Selected characteristics of the women in the cohort and in the nested case–control study are provided in Table 1 (see also Supplemental Material, Table S1). Most of the women in the cohort (60.3%) were under 50 years of age at enrollment, although, as expected, cases were on average older than noncases/controls. Over 67% of the participants lived in Iowa. Almost all of the women (97.5%) had had at least one birth and about 43% were postmenopausal at enrollment. Distributions of most demographic and lifestyle factors were similar for the 578 cases in the cohort (Table 1) and the 293 cases included in the nested case–control study (see Supplemental Material, Table S1). However, a slightly larger proportion of cases in the nested case–control study than in the cohort were from Iowa (66.9% vs. 62.6%) and had education beyond high school (54.8% vs. 49.8%). Approximately 98% of both the cohort and the case–control sample were white.

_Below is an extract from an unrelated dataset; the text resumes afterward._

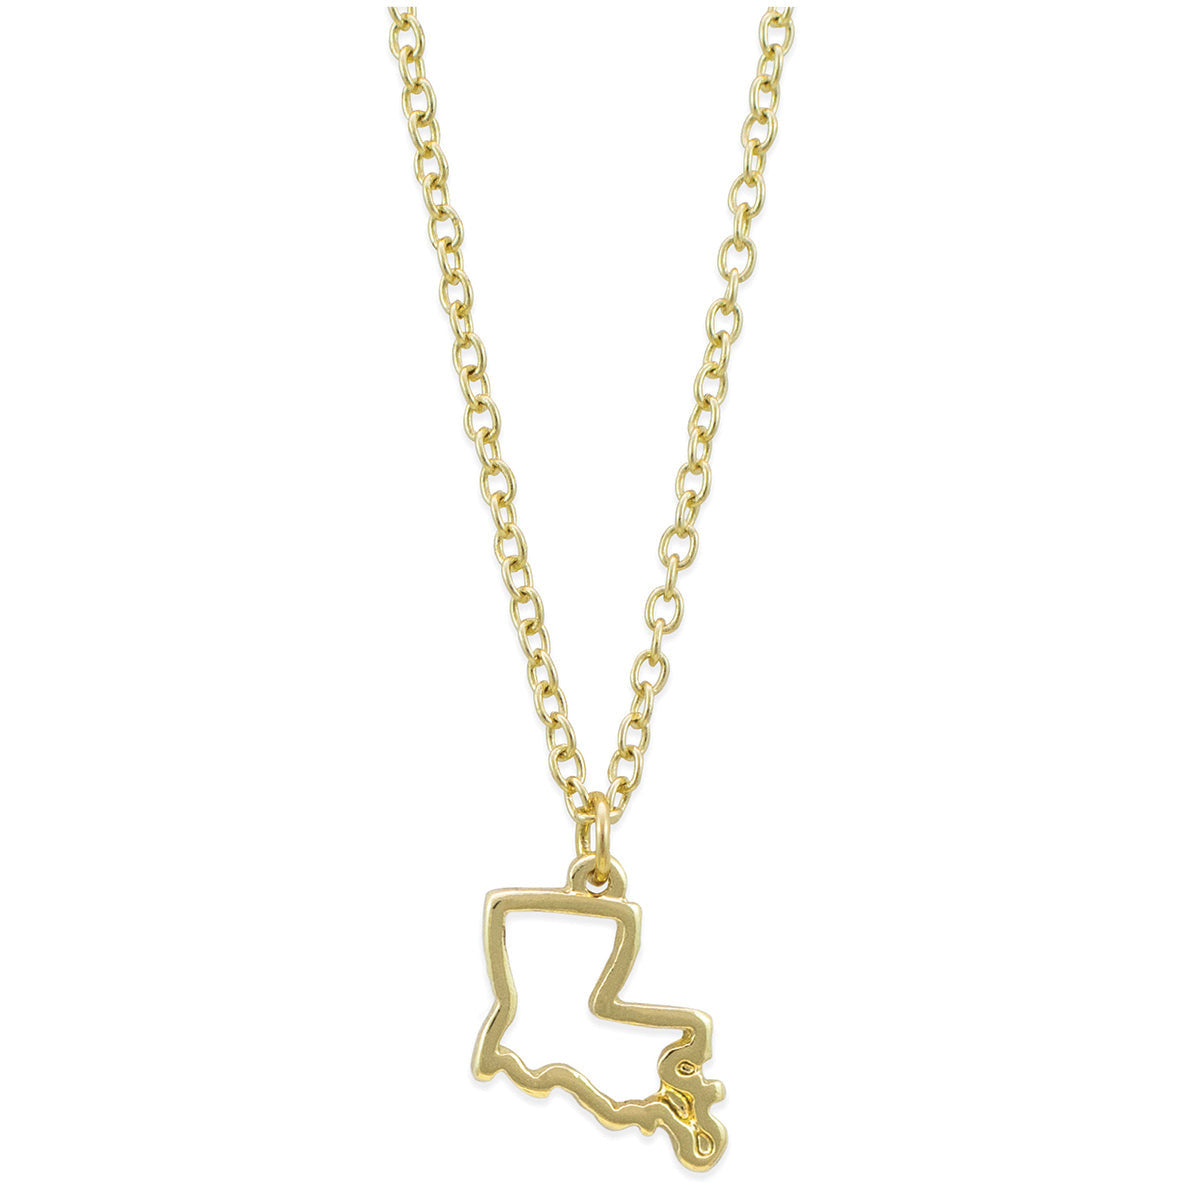 The Louisiana Love Necklace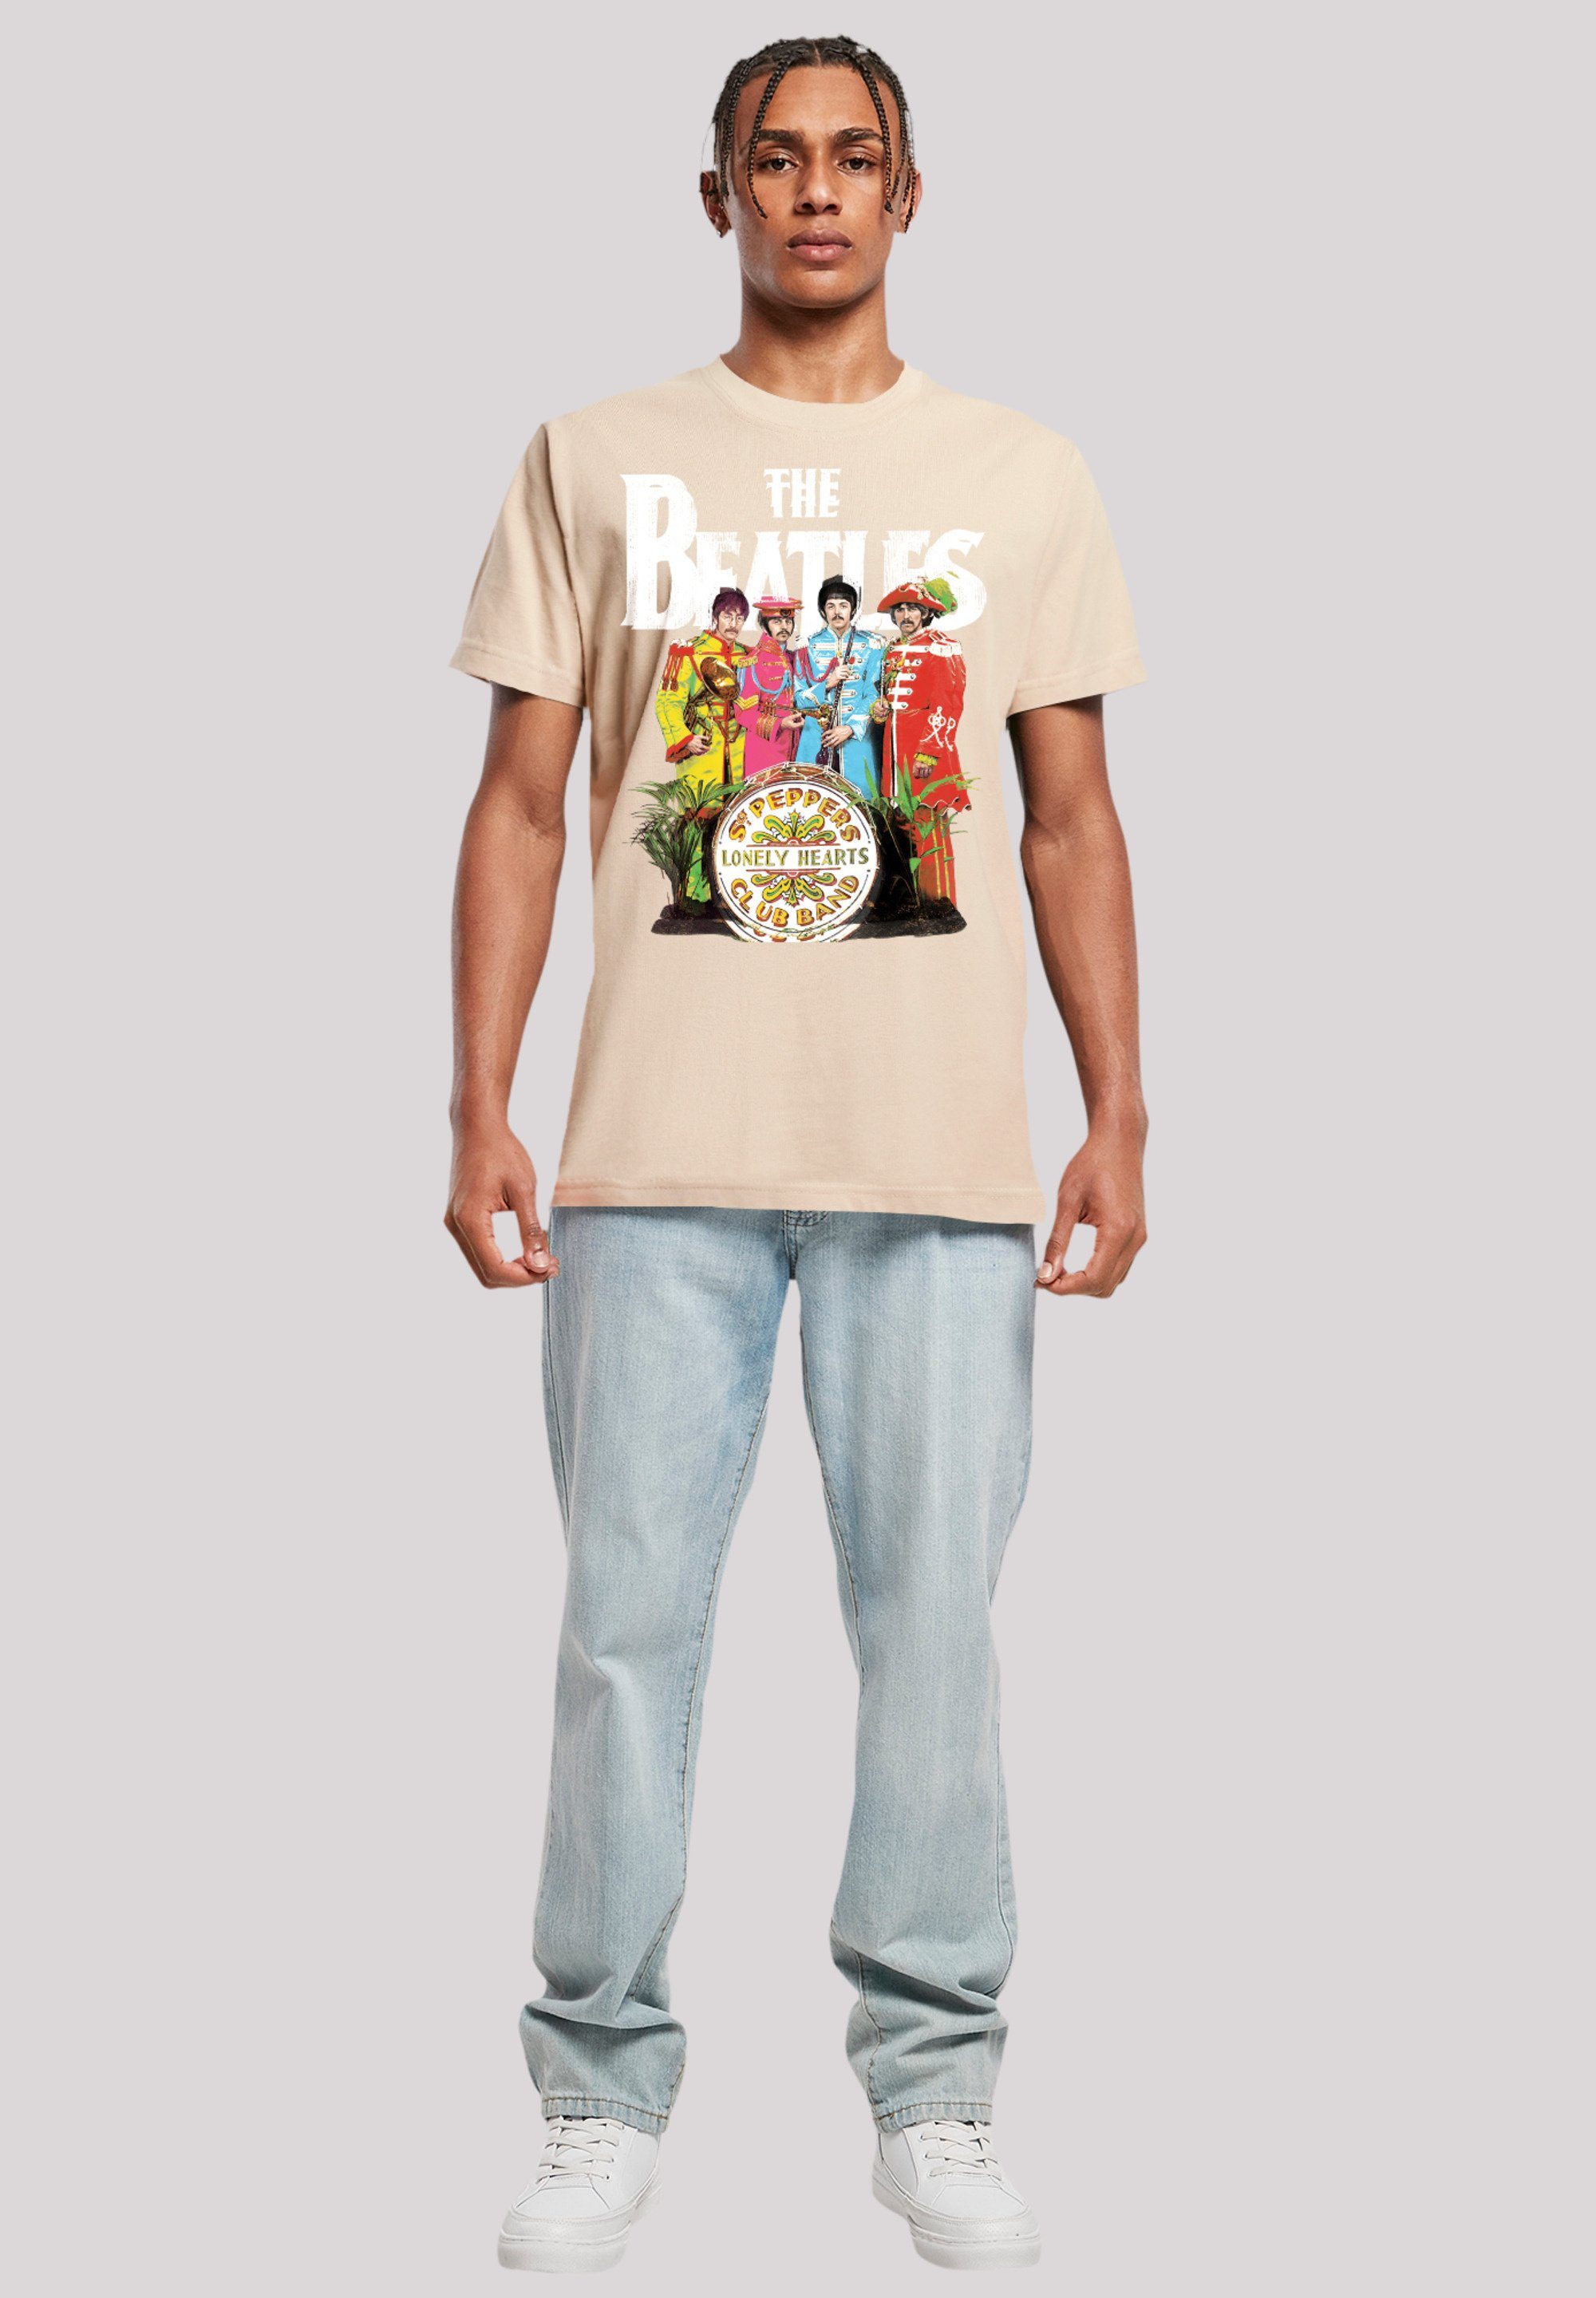 The Beatles sand T-Shirt Pepper Print F4NT4STIC Sgt

Sun exposure. The range of sun exposure during the growing season among study participants was very wide (Table 2). Usual sun exposure of ≥ 6 hr/day was reported by 12.4% of participants who provided information on sun exposure for the period around enrollment and by 21.8% of those who provided information for the period 10 years before enrollment, whereas 27.0% and 17.9% reported < 1 hr/day for each of these periods, respectively. Sun exposure data were missing for 29–33% of the participants.

Table 2

Sunlight exposure and breast cancer risk among wives in the cohort [cases (n = 578), noncases (n = 30,443)] and in the nested case–control study [cases (n = 293), noncases (n = 586)].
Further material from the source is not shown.